The only ground for the exercise of such a power is as an incident to the right to set aside the assessment as unconstitutional. This the Supreme Court, in Raymond v. Chicago Union Traction Co., 207 U. S. 20, 28 Sup. Ct. 7, 52 L. Ed. 78, 12 Ann. Cas. 757, and Greene v. Louisville & Interurban R. R. Co., 244 U. S. 499, 37 Sup. Ct. 673, 61 L. Ed. 1280, Ann. Cas. 1917E, 88, did, holding that an assessment may be reopened, and furthermore that the property may in effect he reassessed, by compelling the plaintiff to consent to a fair assessment *28upon its property. These cases, however, both proceed upon the assumption that the arbitrary and discriminating action of the assessors was in violation of the Fourteenth Amendment. They each arose on independent bill in equity, explicitly laid upon the violation of the United States Constitution, and we do- not read them as indicating that an assessment regularly made may be reviewed upon the mere allegation that the assessment was erroneous, even though the error proceeded from a deliberate effort to overvalue the plaintiff’s property, which might properly be deemed a fraud. In the case at bar there was no suggestion of any unconstitutional conduct of the state board of tax commissioners, nor indeed the least ground for such an assertion. At most the facts justified an error in the way in which the assessment was made. ■ ■

Moreover, in each of the cases cited there were no means provided in the state statute by which the action of the assessors could be judicially reviewed as can be done in New York by certiorari.
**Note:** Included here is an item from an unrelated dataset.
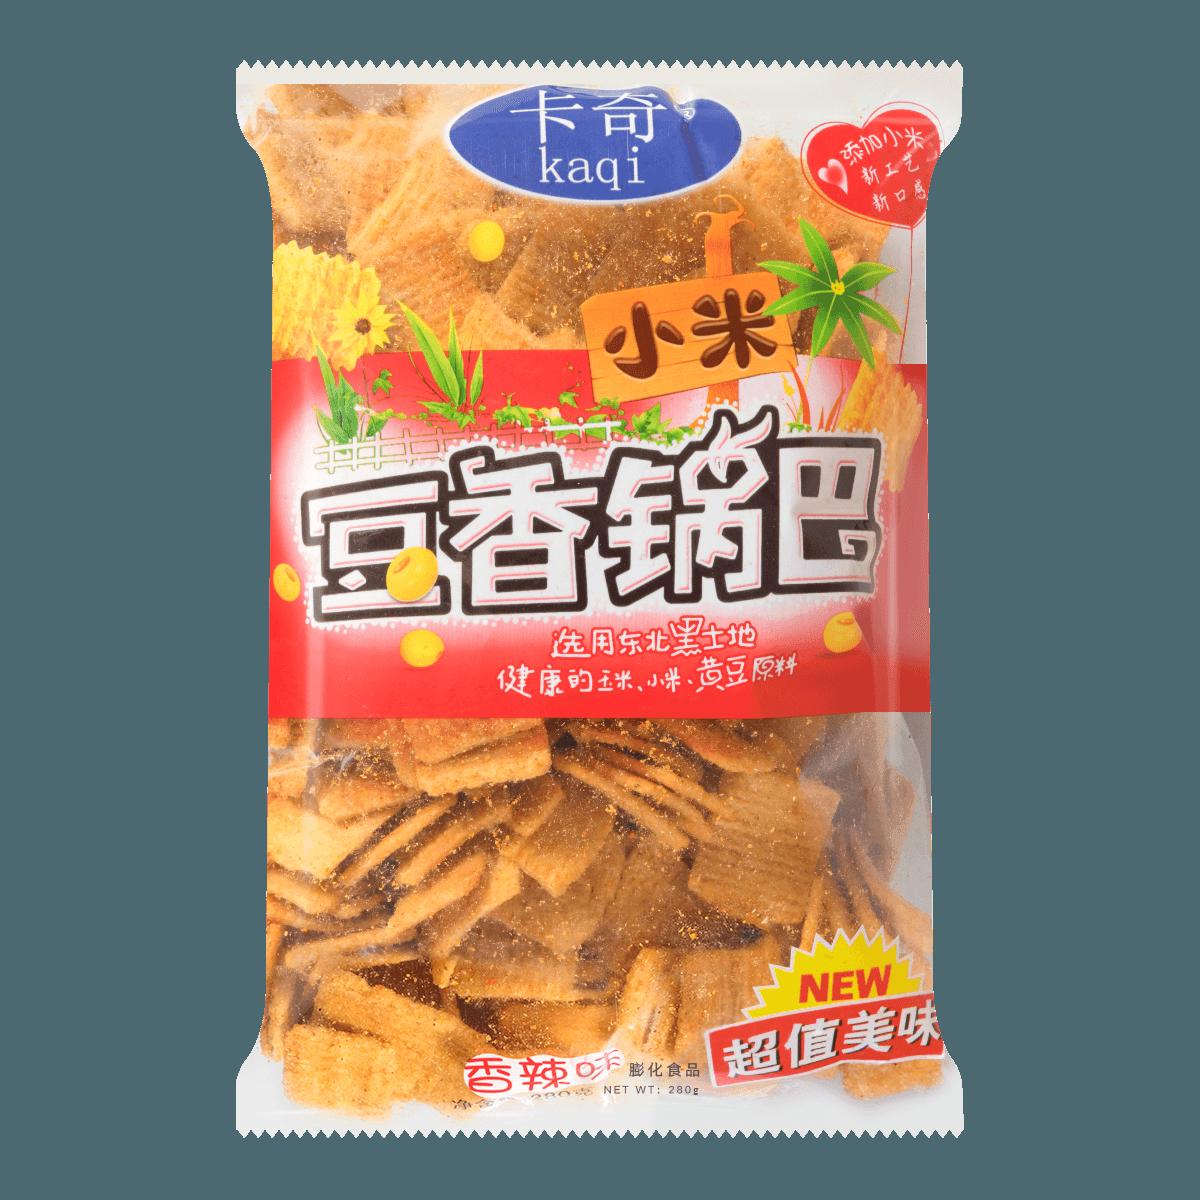 卡奇 小米豆香锅巴 香辣味 280g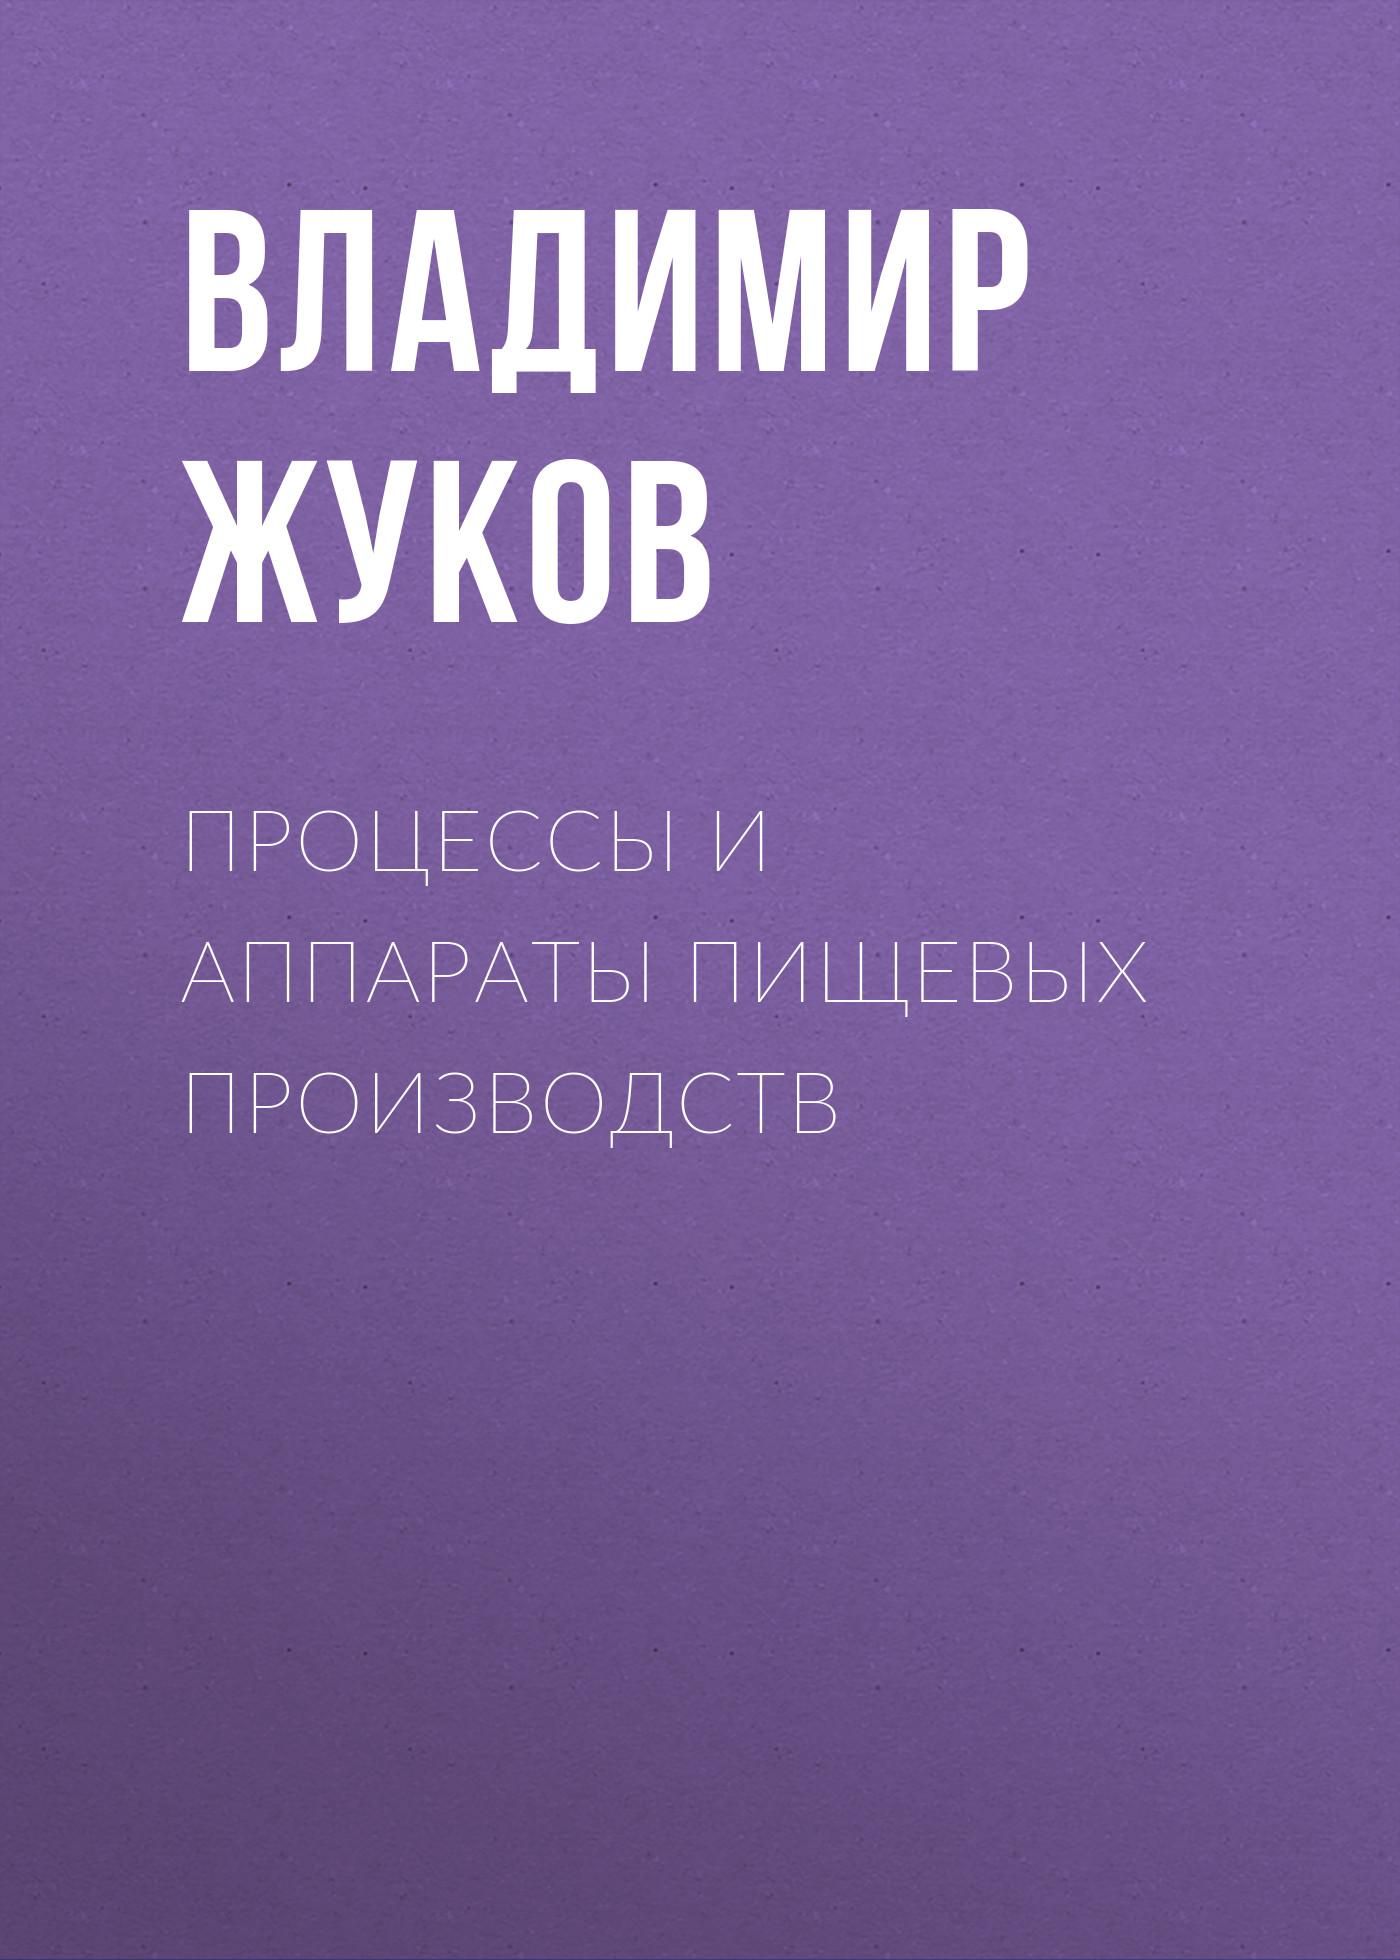 Владимир Жуков Процессы и аппараты пищевых производств владимир жуков процессы и аппараты пищевых производств

Now it is true that the Supreme Court mentioned this fact only upon the question of the plaintiff’s right to equitable relief, but we think that the distinction may be taken as going deeper. While there niay be unconstitutional discrimination merely through their administration of a valid statute by officials, the action prohibited by the Fourteenth Amendment must be that of the state, and it cannot be said, at least under ordinary circumstances (Ex parte Royall, 117 U. S. 241, 6 Sup. Ct. 734, 29 L. Ed. 868), when the state has itself provided means for the correction of just such miscarriages, that the initial action of its officials is its own until the final result has confirmed it and made idle further appeal to the state authorities. Therefore we should be slow, if the receiver or the defendant had indeed based its claim upon the Fourteenth Amendment, to admit any jurisdiction to review an assessment in the face of section 46 of the New York Tax Eaw.

What we have said about the assessment of the special franchises applied equally to the equalization, since under section 45a, subdivisions 1 and 2 (as added by Laws 1911, c. 804), prior to 1916, the state board was itself to equalize the assessment, and the supervisors must enter that sum upon the rolls. As equalizer the state board was as exempt from judicial rqview as it was as assessor. In so far, therefore, as the District Court attempted any review of the special franchise assessments as fixed, and necessarily as equalized, by the state board of tax commissioners, we think that it .exceeded its jurisdiction. This point the county treasurer raised originally, and could certainly raise it here, if his appeal were before us. Upon the receiver’s appeal we think the point is still open, because the question is not one which the consent of the parties can cure; rather it goes to the assertion of a jurisdiction over a subject-matter which under these circumstances the District Court did not and could not exercise.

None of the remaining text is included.